Congressman John Lewis believed in hope and the promise of America, despite its history. Beaten, bloodied and repeatedly arrested, Lewis, who would have been 83 this February, never embraced violence. He instead envisioned the “Beloved Community” and embraced “good trouble.”
As a young man inspired by the nonviolent resistance of Dr. Martin Luther King Jr. and Rosa Parks, John participated in sit-ins at segregated lunch counters in Nashville. The sit-ins spread across the South and led to the Freedom Rides, where Lewis and his fellow activists braved baseball bats and iron pipes to integrate interstate bus and travel facilities.
Credit: contributed
Credit: contributed
Lewis was 23 when, on the steps of the Lincoln Memorial at the dais with Martin Luther King Jr. at the March on Washington, he called for passage of the Civil Rights Act and courageously proclaimed, “‘One man, one vote’ is the African cry. It is ours too. It must be ours!”
The following year, he and his fellow activists launched Freedom Summer in Mississippi. They would register nearly half a million people to vote.
Lewis was 25 years old when his skull was fractured in a beating on the Edmund Pettus Bridge for leading a march to help register Black voters in Alabama. He crossed that bridge with 25,000 people in tow two weeks later on the heels of President Lyndon Johnson saying, “Their cause must be our cause too.
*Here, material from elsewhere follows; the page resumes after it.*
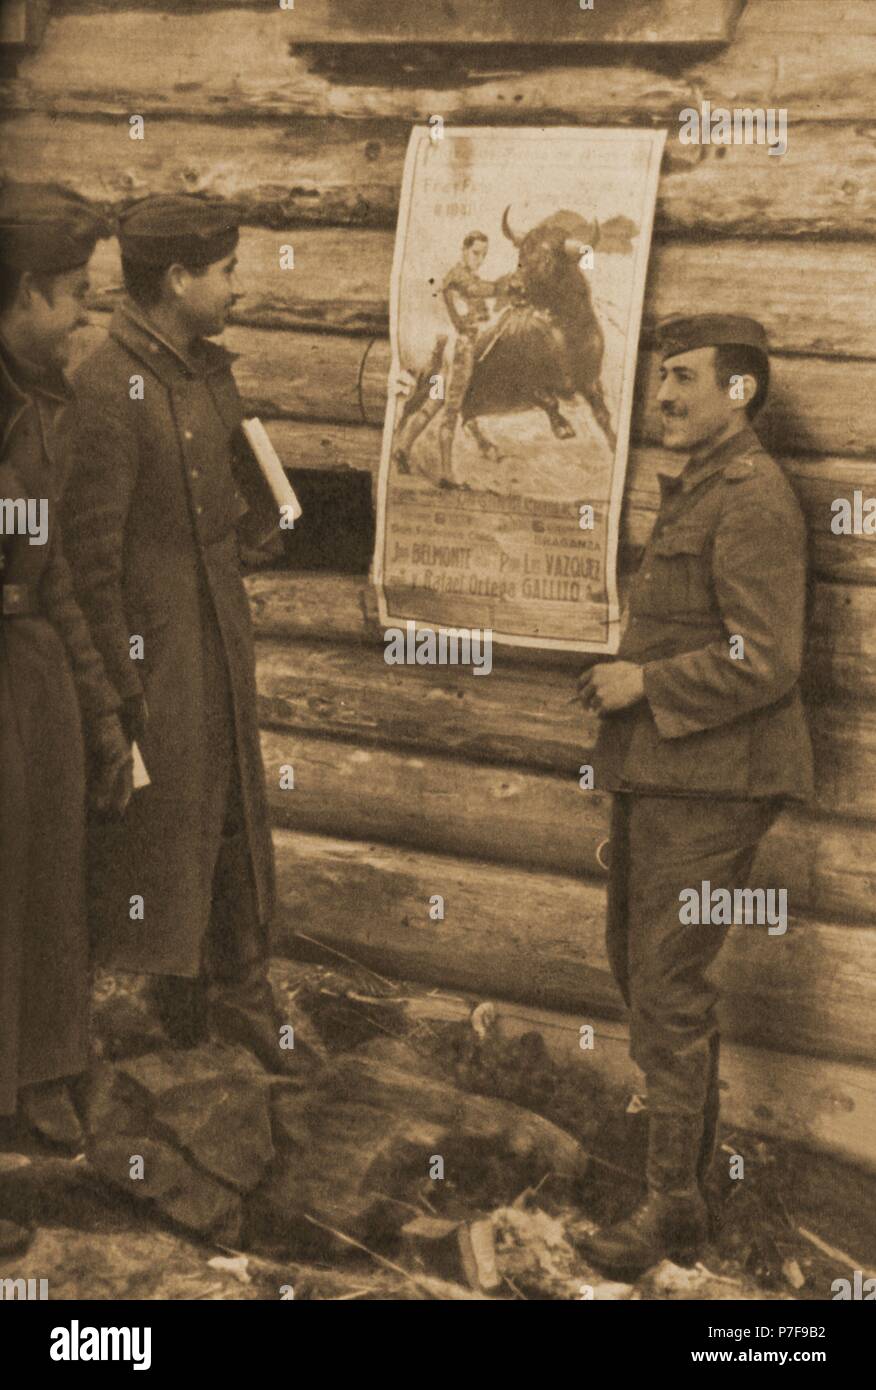 División Azul en Alemania en 1942 (Segunda Guerra Mundial). Cartel de una corrida de toros en un barracón de las tropas. Stock Photo

Because it is not just Negroes, but really it is all of us, who must overcome the crippling legacy of bigotry and injustice … . And we shall overcome.” What became known as Bloody Sunday led to the passage of the Voting Rights Act.
In 1970, Lewis became head of the Voter Education Project, which in the decade following the passage of the Voting Rights Act moved the number of Black people registered to vote in the South from 2 percent to 60 percent and forever changed the political landscape of the South.
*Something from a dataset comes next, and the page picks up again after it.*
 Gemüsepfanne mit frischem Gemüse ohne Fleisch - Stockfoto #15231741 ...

In 1979, President Jimmy Carter appointed Lewis to head VISTA. In 1981, Lewis began a five-year stint on the Atlanta City Council, where he always stood for ethics in government. In 1985, he made a successful run for Congress and went on to represent Georgia’s 5th district and be reelected 18 times.
He never stopped; he never slowed down.
Sixty years after Lewis and others risked their young lives to desegregate daily life and voting rights, the urgency of the effort persists. Innocent Black people are still beaten, arrested and killed for living their lives. Tyre Nichols is the latest casualty that we know about. Voting rights are being assaulted and manipulated.
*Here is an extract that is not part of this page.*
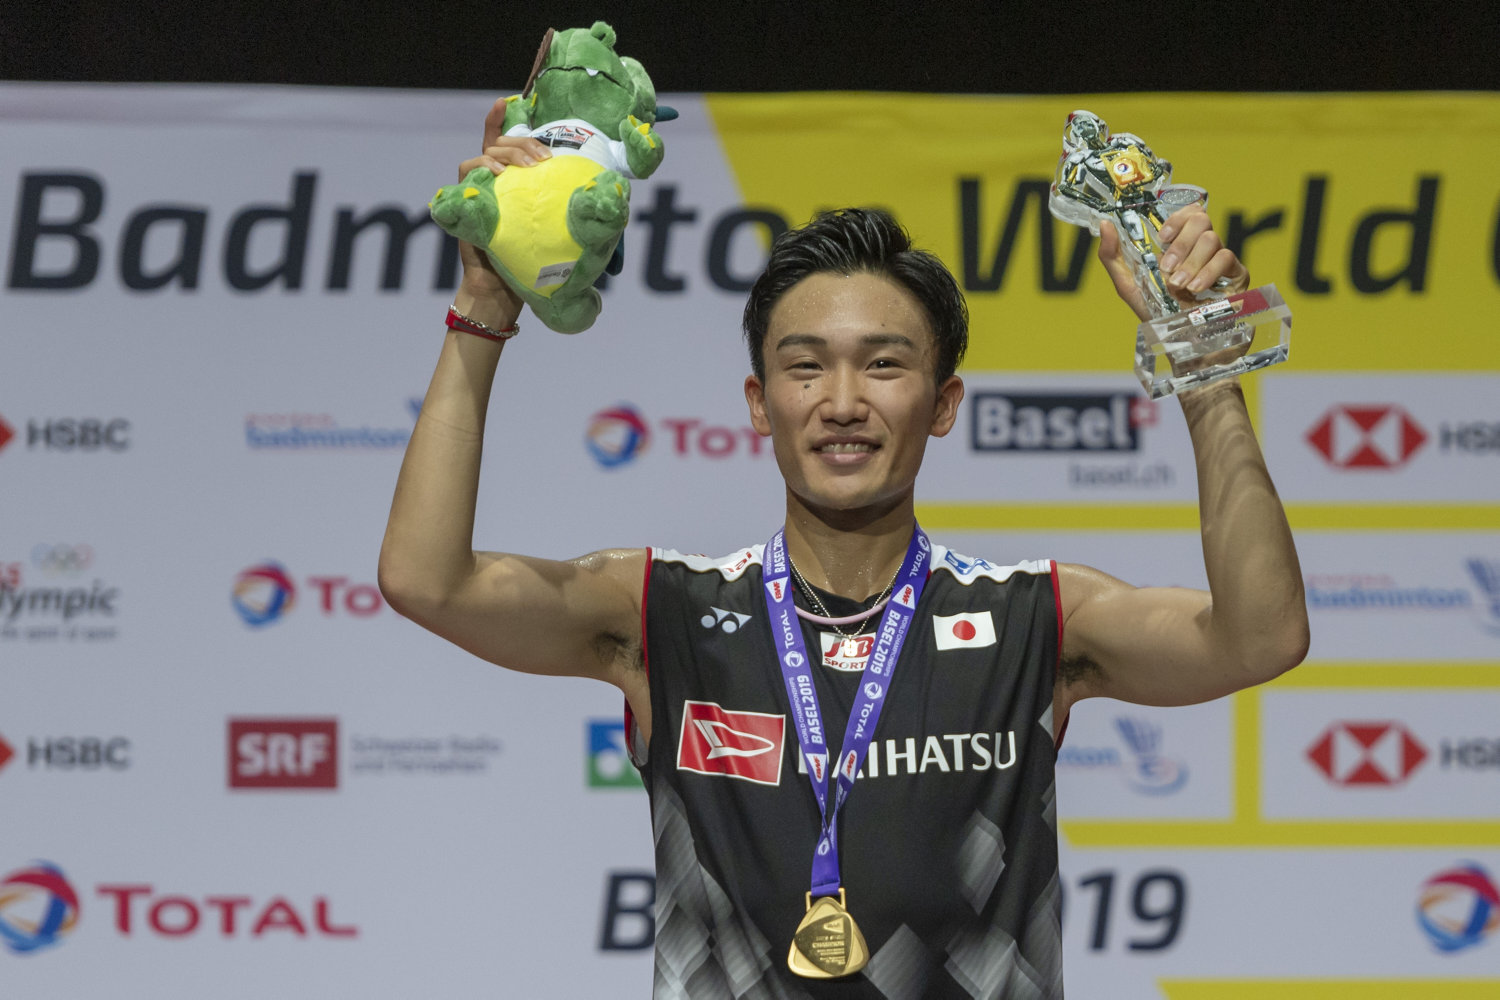 badmintonstjerne indstiller karrieren efter misset ol

Books about the history of Blacks in America are being banned. AP classes about Black history and African American Studies classes are being prohibited. And there is even an effort to rename part of Rep. John Lewis Way in Nashville to Donald Trump Boulevard.
Congressman Lewis reminded us in a letter he wrote just a couple of days before he left us that “Democracy is not a state. It is an act and each generation must do its part to help build what we call the Beloved Community, a nation and world society at peace with itself.” He went on to say “While my time here has now come to an end, I want you to know that in the last days and hours of my life you inspired me. You filled me with hope about the next chapter of the great American story when you used your power to make a difference in our society … . That is why I had to visit Black Lives Matter Plaza in Washington.”
Lewis did not want us to ever forget that it is the courage and vision of young people that changes the course of history.
Before he passed, Lewis created the John and Lillian Miles Lewis Foundation to carry on the work that defined his and his wife’s lives. As we end Black History Month, we must embrace “good trouble” and do all that we can to prevent history repeating itself. We can and must build the Beloved Community to which John Robert Lewis dedicated his life and for which he risked his life.
Linda Earley Chastang is president and CEO of the John and Lillian Miles Lewis Foundation Inc.